Energy- If you can swing it, get solar,and get a battery back up system installed.  If you cannot, get a very good portable battery backup/inverter system that can charge your refrigerator or freezer, and such.  Buy some cables that you can charge your system from your car battery if your portable battery runs low.  Your refrigerator and freezer are very energy efficient, and you only need to charge them intermittently. Keep your phone and iPad charged, as well. Only go into the fridge and freezer once per day.  As you cook food, eat what is defrosted, then work your way through the freezer.  Then tap into the canned stuff.

Always try to keep a half of tank of gas in the car.  You know your usage, and  get in the habit of filling at half of tank, not empty (my wife is rigorous about this, me not so much).

Medicine- Make sure you order a 90 day supply and make sure you reorder at 30 days.  Have a cooler handy with ice packs from the freezer for your meds, if they need to stay cool.

Cash and silver - Keeps at least a month's worth of cash to buy essentials on hand, and a months worth of silver in case it is your currency that is the problem at the moment.

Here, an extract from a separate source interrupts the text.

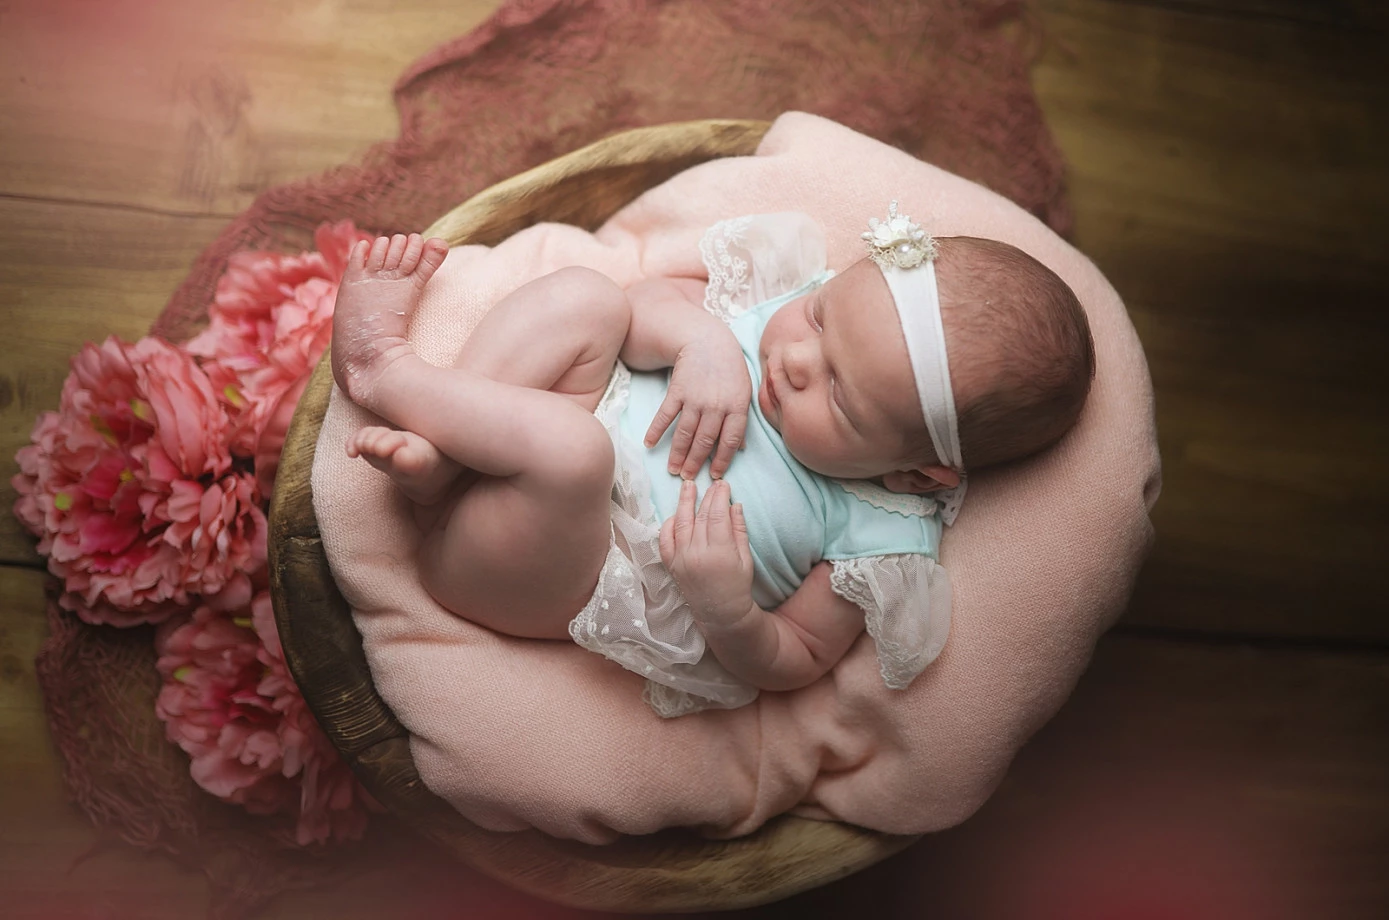 fotograf krakow paheli-fotografia portfolio zdjecia noworodkow sesje noworodkowe niemowlę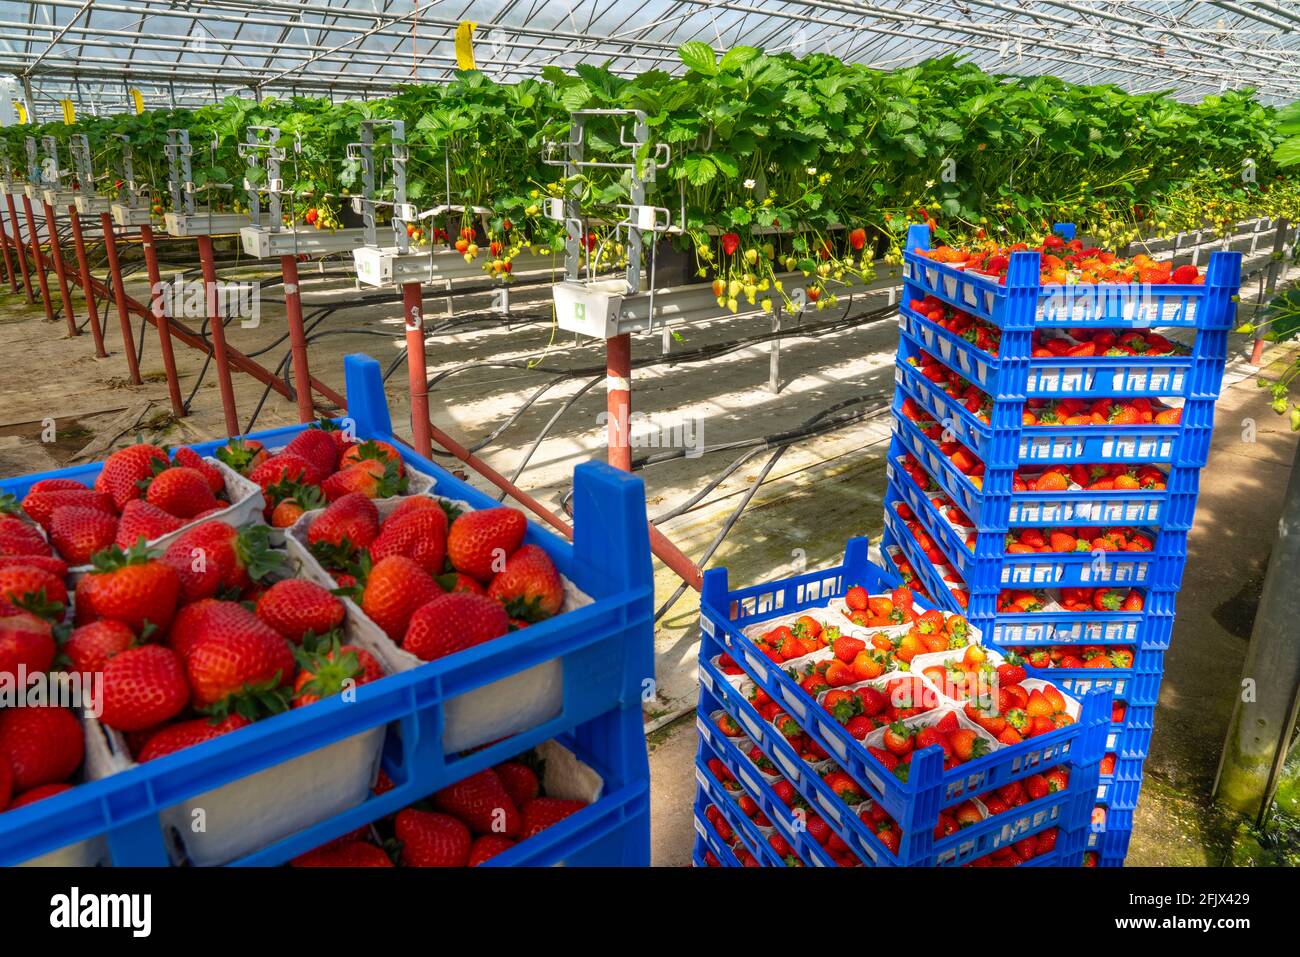 Frisch geerntete Erdbeeren, verpackt in Schachteln und Kästen für den Verbraucher, Erdbeeranbau im Gewächshaus, junge Erdbeerpflanzen wachsen heran, Foto de stock

Have a designated rally point at a friend or families home where you can be collectively safe, and mutually support each other.  Keep a run away back pack handy for each family member in case you must simply leave.  We have those due to our unique location and circumstance, but most would benefit from this.

I don't want to turn this post into a book, so hopefully, I hit the high notes.  I believe our governments ability and desire to help is waning, and shocks are coming out of the blue.  We must stand prepared ourselves.